• Regulatory authority to oversee standards in public and private sectors 

The Ministry of Digital Economy stated that new cybersecurity laws, which are currently being drafted, would make it mandatory for both private and public institutions to implement an annual compliance readiness strategy on cybersecurity. 

When contacted by The Daily Morning yesterday (24), Ministry Secretary Waruna Sri Dhanapala said that cybersecurity efforts had so far largely been handled by the Sri Lanka Computer Emergency Readiness Team (SLCERT), but that a new Cybersecurity Regulatory Authority would be established under the proposed laws.

He said the new authority would be granted regulatory powers over both public and private institutions. “There are both proactive measures to avoid cyber crimes and also what to do after such an event,” he said.

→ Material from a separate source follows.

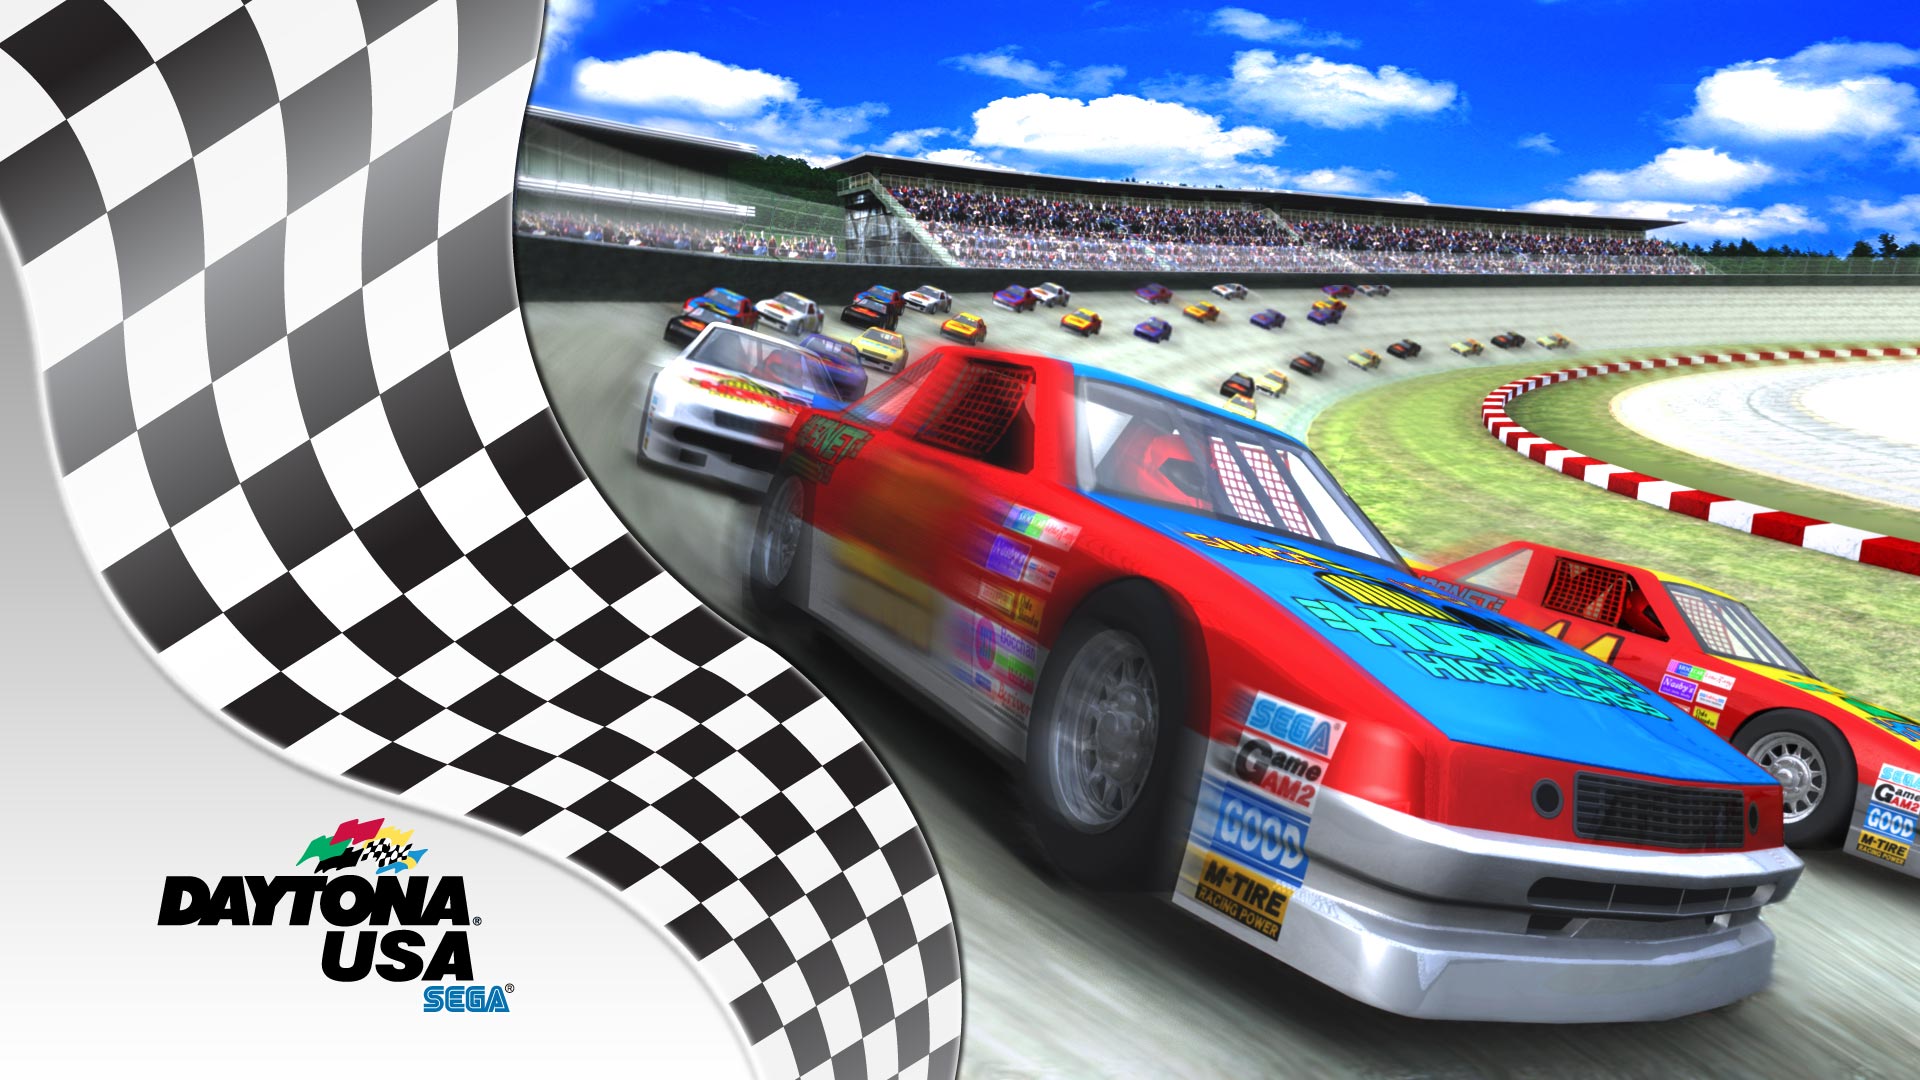 Image for Daytona USA was one of the miracles of the XBLA era, so grab it while you can

Dhanapala added that the proposed legislation was based on a Bill initially drafted in 2019, but several new sectors had since been added due to the rapid rise of social media-related and cyber-related offences. “Under this, the measures and regulations relating to cyber war crimes in the international domain will also be regulated,” he said.

He further said that institutions failing to comply with the regulations could face fines and mandatory consultations.

He went on to say that cyber-related offences had previously been governed under the Computer Crime Act No. 24 of 2007, but several shortcomings had emerged over time. “At times, it is difficult to prove that certain crimes were committed through a computer. Those kinds of issues will be addressed through these new laws,” he said.

Last week, Deputy Minister of Digital Infrastructure Eranga Weeraratne told Parliament that a new cybersecurity law would soon be introduced and that a Cybersecurity Regulatory Authority would be established, noting that Sri Lanka currently lacked adequate laws to address cybercrime effectively.

The move comes amid a rise in reported cybercrime incidents in recent months.